13.2 Animal Toxicology and/or Pharmacology

Reproductive Toxicology Studies

Reproduction studies conducted in pregnant rats at omeprazole doses up to 138 mg/kg/day (about 28 times the human dose of 40 mg/day, based on body surface area) and in pregnant rabbits at doses up to 69 mg/kg/day (about 28 times the human dose of 40 mg/day, based on body surface area) did not disclose any evidence for a teratogenic potential of omeprazole.

In rabbits, omeprazole in a dose range of 6.9 to 69 mg/kg/day (about 2.8 to 28 times the human dose of 40 mg/day, based on body surface area) produced dose-related increases in embryo-lethality, fetal resorptions and pregnancy disruptions. In rats, dose-related embryo/fetal toxicity and postnatal developmental toxicity were observed in offspring resulting from parents treated with omeprazole at 13.8 to 138.0 mg/kg/day (about 2.8 to 28 times the human dose of 40 mg/day, based on body surface area).

14 CLINICAL STUDIES

14.1 Duodenal Ulcer Disease

Active Duodenal Ulcer – In a multicenter, double-blind, placebo controlled study of 147 patients with endoscopically documented duodenal ulcer, the percentage of patients healed (per protocol) at 2 and 4 weeks was significantly higher with omeprazole 20 mg once a day than with placebo (p ≤ 0.01). (See Table 6)

Complete daytime and nighttime pain relief occurred significantly faster (p ≤ 0.01) in patients treated with omeprazole 20 mg than in patients treated with placebo. At the end of the study, significantly more patients who had received omeprazole had complete relief of daytime pain (p ≤ 0.05) and nighttime pain (p ≤ 0.01).

In a multicenter, double-blind study of 293 patients with endoscopically documented duodenal ulcer, the percentage of patients healed (per protocol) at 4 weeks was significantly higher with omeprazole 20 mg once a day than with ranitidine 150 mg b.i.d. (p < 0.01). (See Table 7)

Healing occurred significantly faster in patients treated with omeprazole than in those treated with ranitidine 150 mg b.i.d. (p < 0.01).

In a foreign multinational randomized, double-blind study of 105 patients with endoscopically documented duodenal ulcer, 40 mg and 20 mg of omeprazole were compared to 150 mg b.i.d. of ranitidine at 2, 4 and 8 weeks. At 2 and 4 weeks both doses of omeprazole were statistically superior (per protocol) to ranitidine, but 40 mg was not superior to 20 mg of omeprazole, and at 8 weeks there was no significant difference between any of the active drugs. (See Table 8)

14.2 Gastric Ulcer

In a U.S. multicenter, double-blind study of omeprazole 40 mg once a day, 20 mg once a day, and placebo in 520 patients with endoscopically diagnosed gastric ulcer, the following results were obtained. (See Table 9)

For the stratified groups of patients with ulcer size less than or equal to 1 cm, no difference in healing rates between 40 mg and 20 mg was detected at either 4 or 8 weeks.
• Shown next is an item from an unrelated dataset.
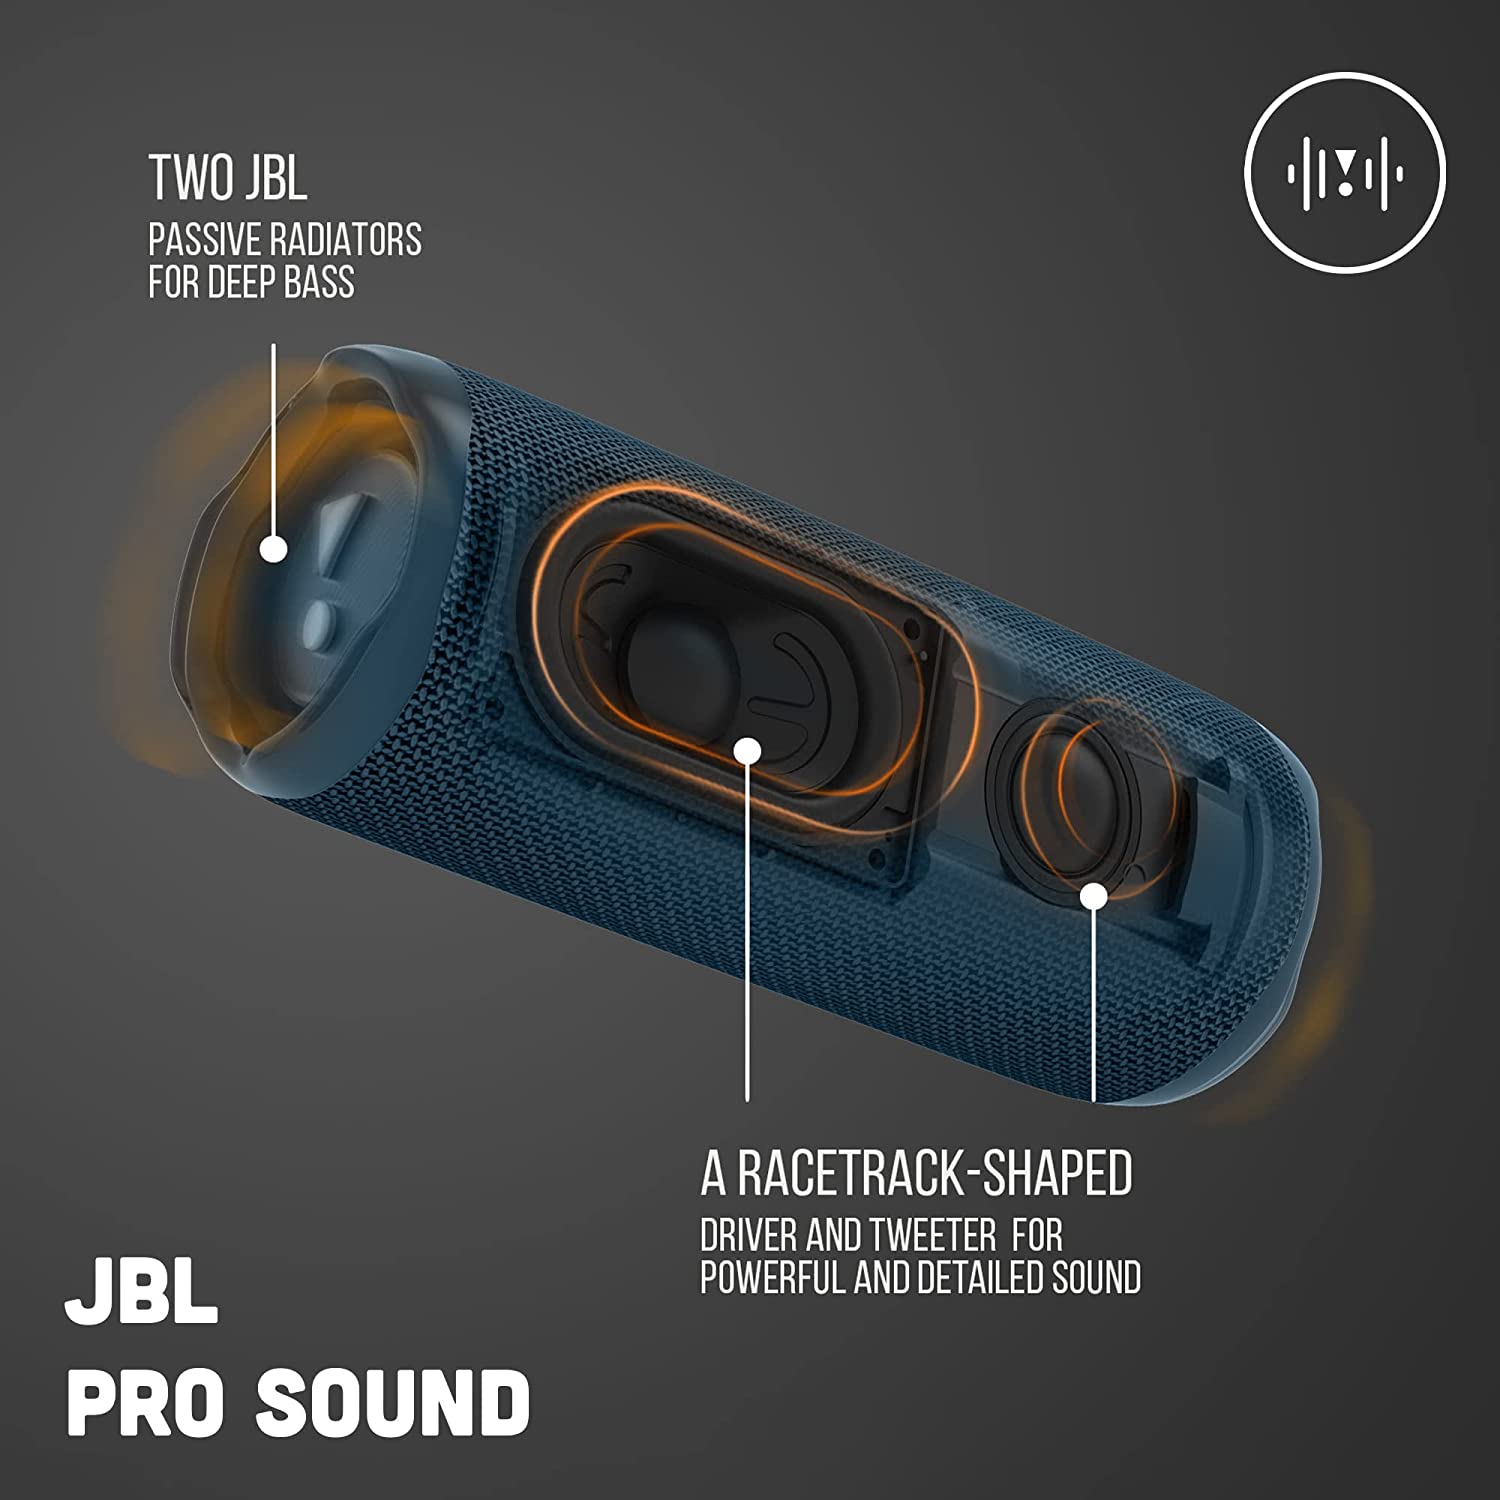 JBL FLIP 6 PINK Bluetooth Speaker Pink Waterproof Powerful

For patients with ulcer size greater than 1 cm, 40 mg was significantly more effective than 20 mg at 8 weeks.

In a foreign, multinational, double-blind study of 602 patients with endoscopically diagnosed gastric ulcer, omeprazole 40 mg once a day, 20 mg once a day, and ranitidine 150 mg twice a day were evaluated. (See Table 10)
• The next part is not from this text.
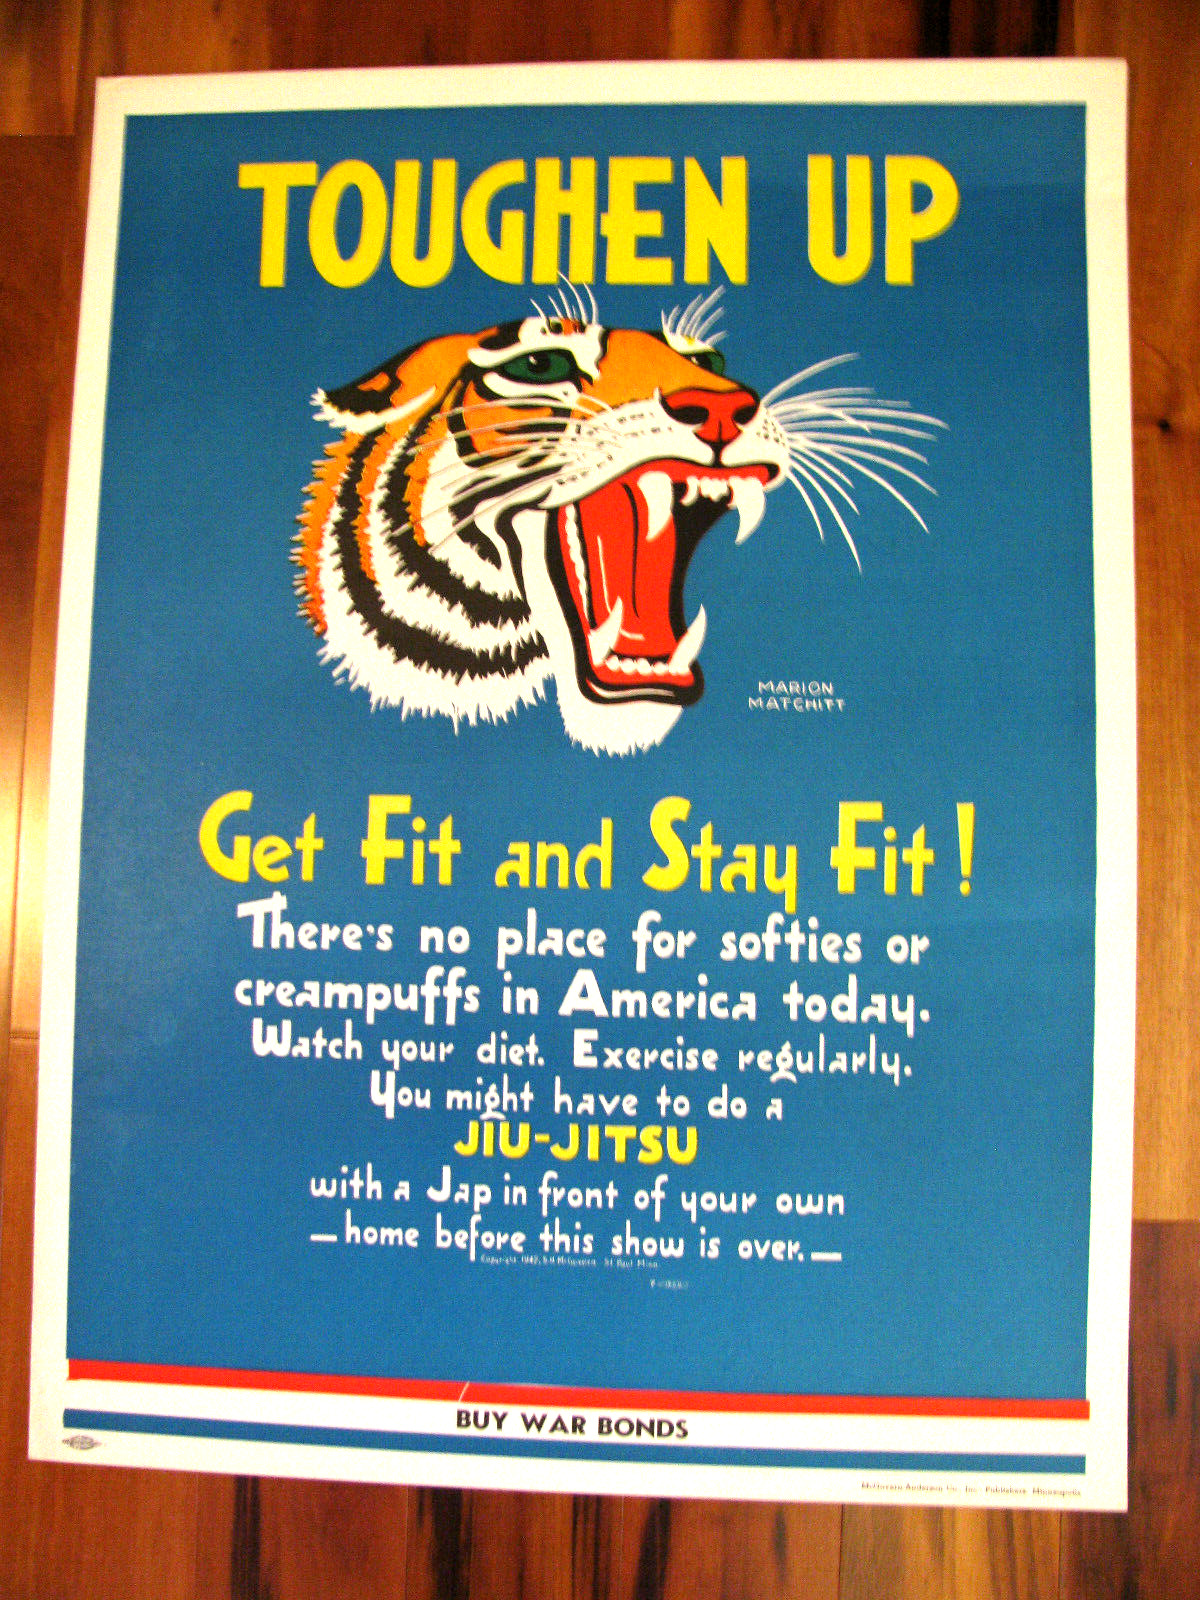 Scarce Original WWII War Poster, Toughen Up, Get Fit And Stay Fit, Matchitt,1942

14.3 Gastroesophageal Reflux Disease (GERD)

Symptomatic GERD - A placebo controlled study was conducted in Scandinavia to compare the efficacy of omeprazole 20 mg or 10 mg once daily for up to 4 weeks in the treatment of heartburn and other symptoms in GERD patients without erosive esophagitis. Results are shown in Table 11.

Erosive Esophagitis - In a U.S. multicenter double-blind placebo controlled study of 40 mg or 20 mg of omeprazole delayed release capsules in patients with symptoms of GERD and endoscopically diagnosed erosive esophagitis of grade 2 or above, the percentage healing rates (per protocol) were as shown in Table 12.

In this study, the 40-mg dose was not superior to the 20-mg dose of omeprazole in the percentage healing rate. Other controlled clinical trials have also shown that omeprazole is effective in severe GERD. In comparisons with histamine H2-receptor antagonists in patients with erosive esophagitis, grade 2 or above, omeprazole in a dose of 20 mg was significantly more effective than the active controls. Complete daytime and nighttime heartburn relief occurred significantly faster (p < 0.01) in patients treated with omeprazole than in those taking placebo or histamine H2-receptor antagonists.

In this and five other controlled GERD studies, significantly more patients taking 20 mg omeprazole (84%) reported complete relief of GERD symptoms than patients receiving placebo (12%).

14.4 Long Term Maintenance Treatment of Erosive Esophagitis

In a U.S. double-blind, randomized, multicenter, placebo controlled study; two dose regimens of omeprazole were studied in patients with endoscopically confirmed healed esophagitis. Results to determine maintenance of healing of erosive esophagitis are shown in Table 13.

In an international multicenter double-blind study, omeprazole 20 mg daily and 10 mg daily were compared to ranitidine 150 mg twice daily in patients with endoscopically confirmed healed esophagitis. Table 14 provides the results of this study for maintenance of healing of erosive esophagitis.

In patients who initially had grades 3 or 4 erosive esophagitis, for maintenance after healing 20 mg daily of omeprazole was effective, while 10 mg did not demonstrate effectiveness.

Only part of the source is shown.